→ **Supplied records**
========================================================================
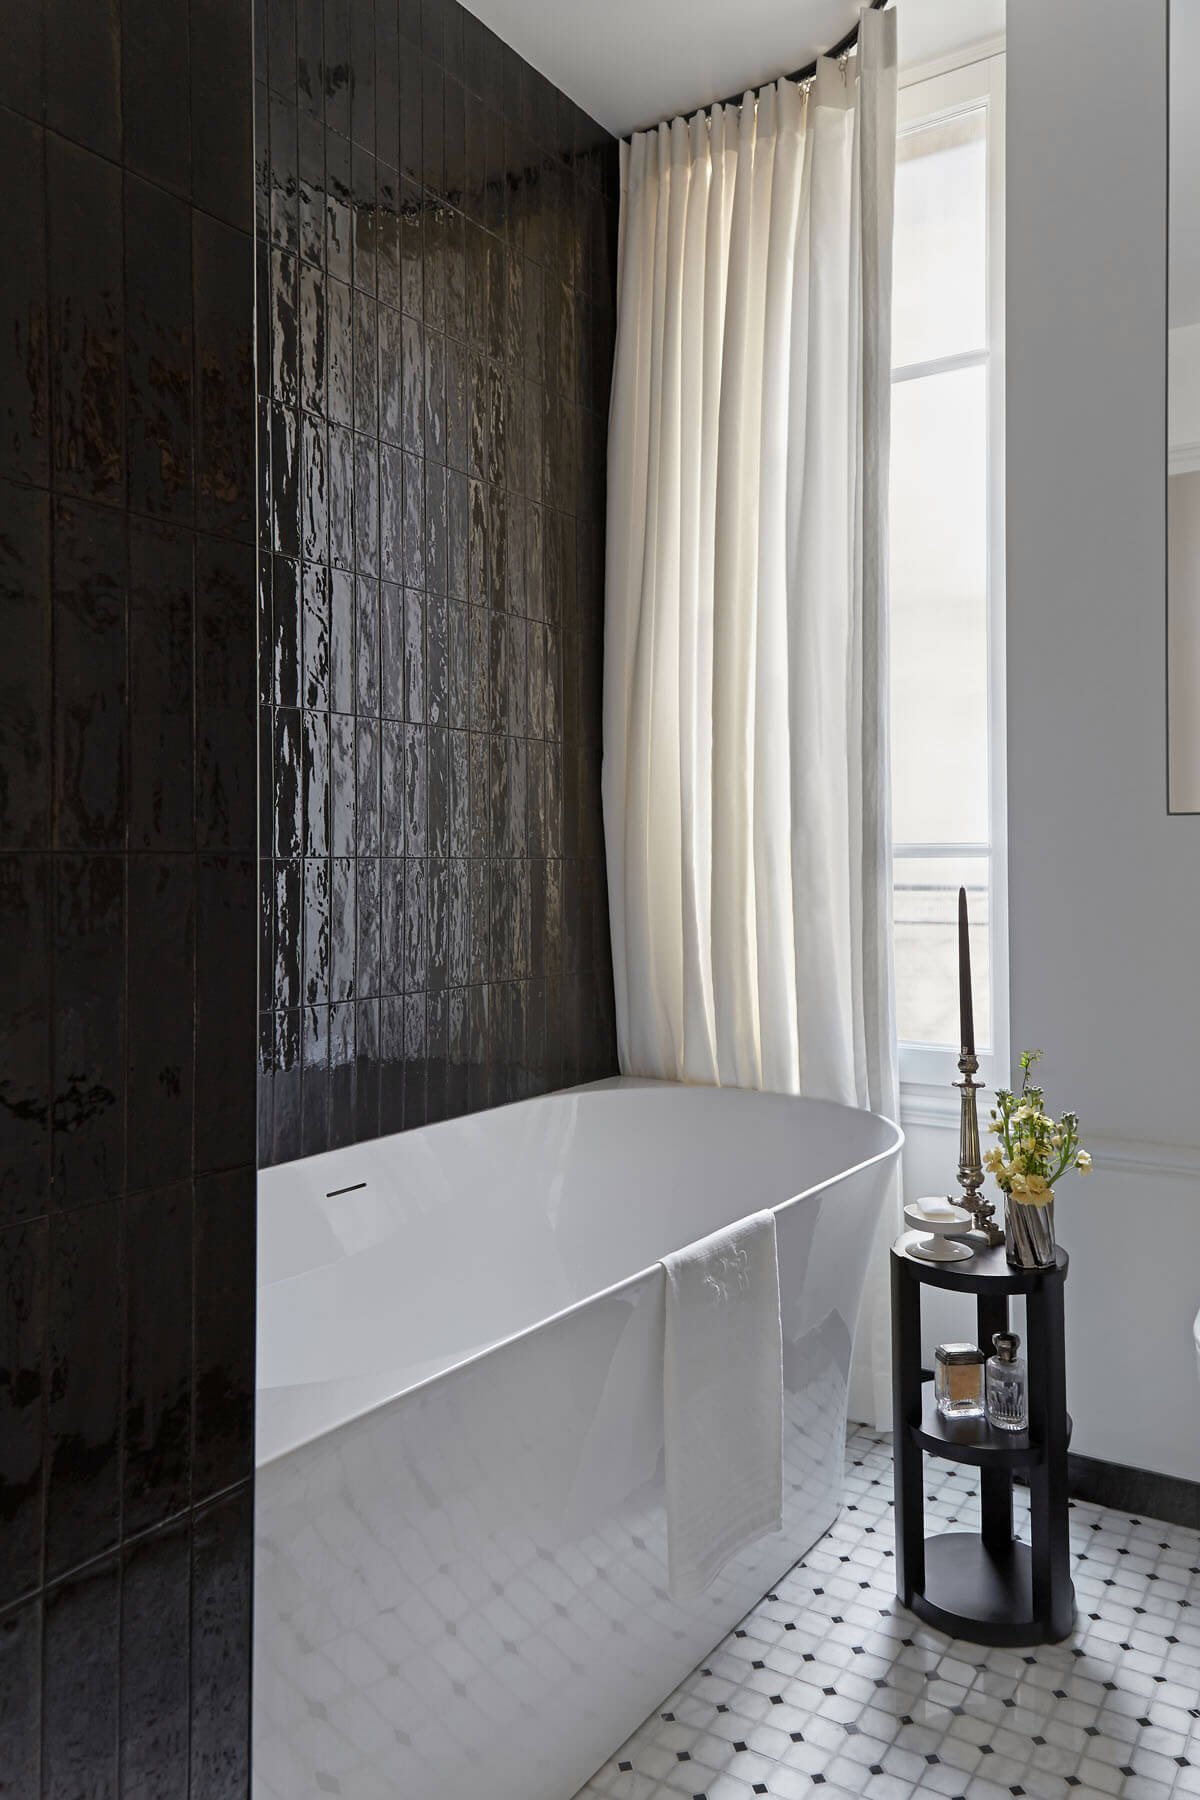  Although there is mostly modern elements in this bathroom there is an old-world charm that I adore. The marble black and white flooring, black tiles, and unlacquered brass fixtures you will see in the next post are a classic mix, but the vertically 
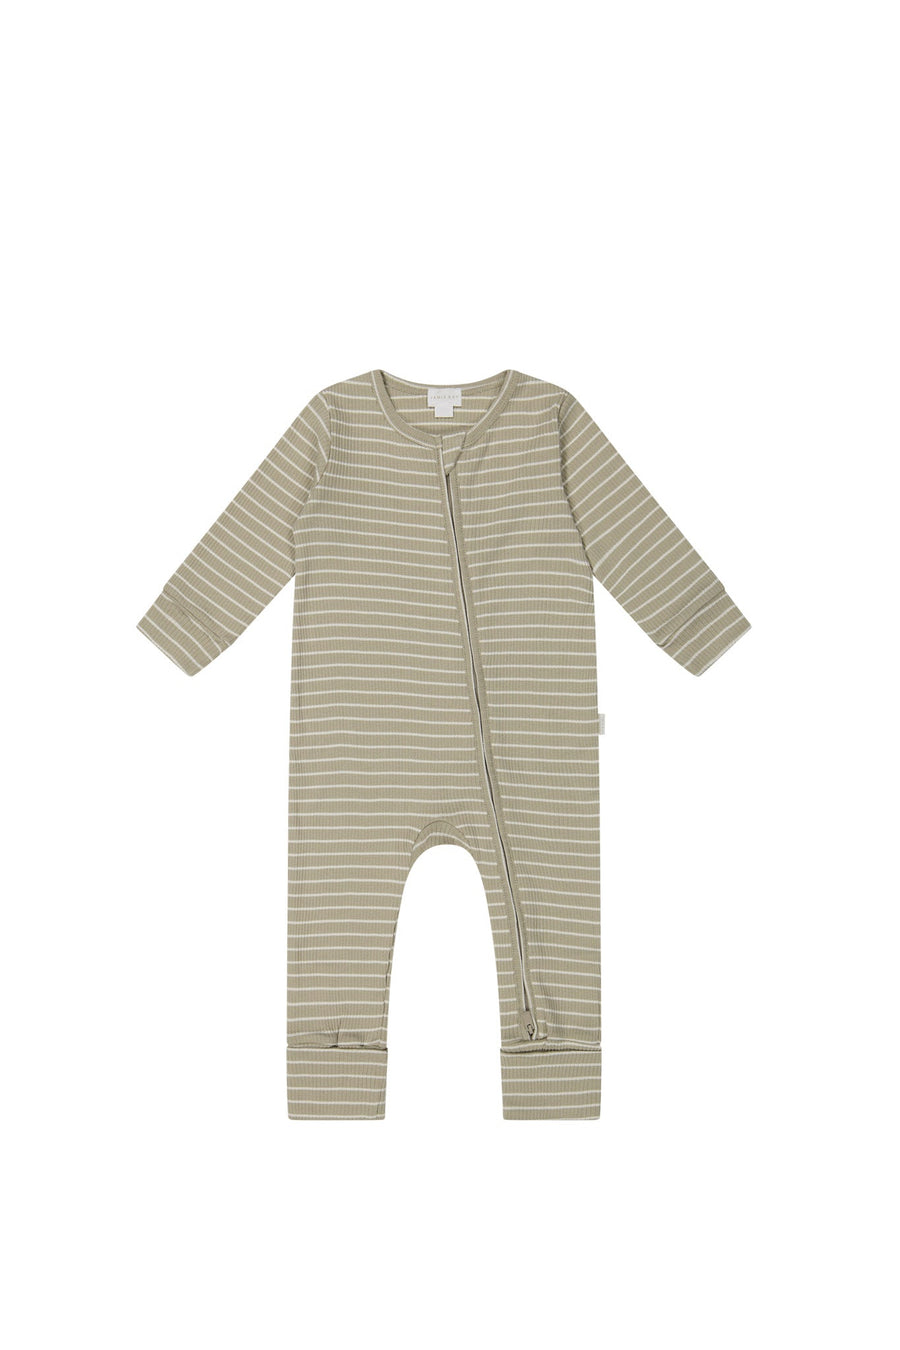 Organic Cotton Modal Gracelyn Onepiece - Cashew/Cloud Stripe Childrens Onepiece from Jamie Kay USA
========================================================================
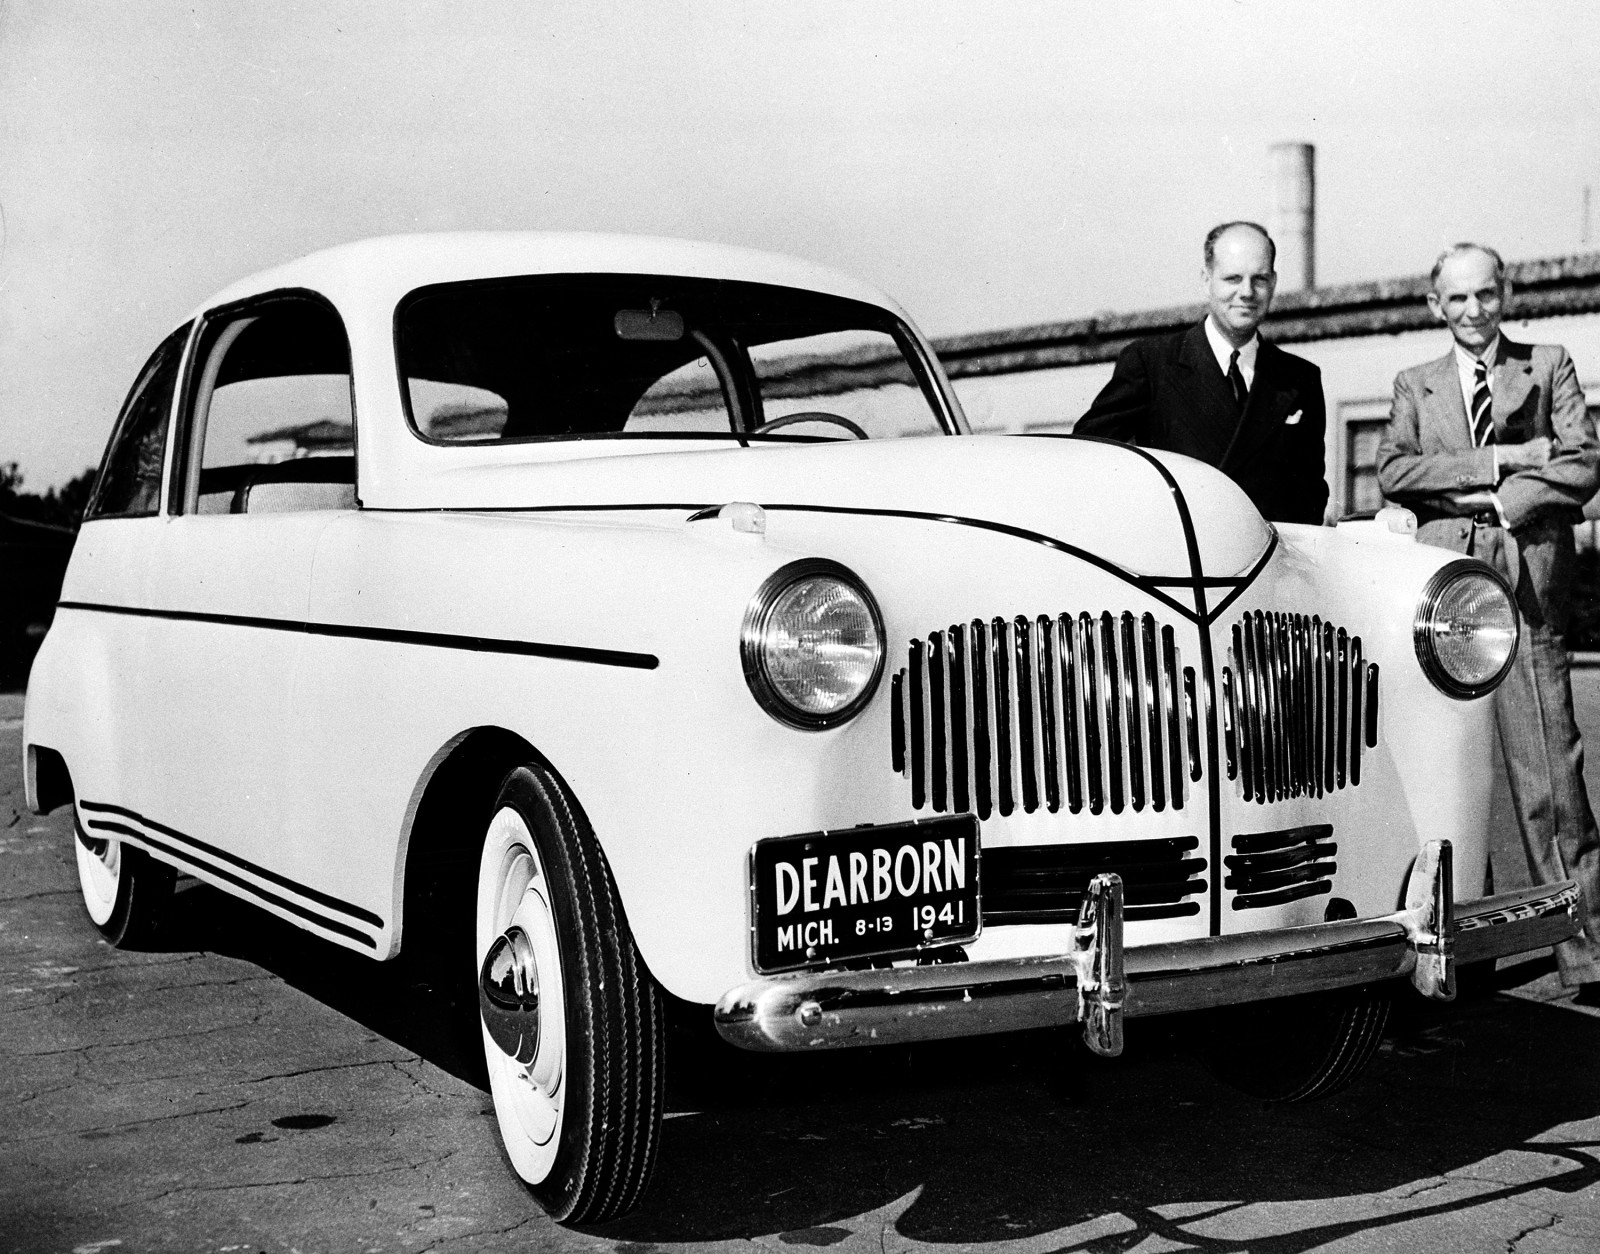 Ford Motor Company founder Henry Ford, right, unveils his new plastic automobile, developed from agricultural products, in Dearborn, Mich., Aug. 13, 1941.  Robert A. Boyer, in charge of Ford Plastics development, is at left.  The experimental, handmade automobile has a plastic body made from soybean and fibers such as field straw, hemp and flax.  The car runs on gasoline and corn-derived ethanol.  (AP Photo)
========================================================================
→ **Exercise goal**
Using the entries above, write out exactly the lines from the one with "Although there is" through the one with "Organic Cotton Modal", ends included. Leave out any pictures.

→ **Output for this task**
  Although there is mostly modern elements in this bathroom there is an old-world charm that I adore. The marble black and white flooring, black tiles, and unlacquered brass fixtures you will see in the next post are a classic mix, but the vertically 
 Organic Cotton Modal Gracelyn Onepiece - Cashew/Cloud Stripe Childrens Onepiece from Jamie Kay USA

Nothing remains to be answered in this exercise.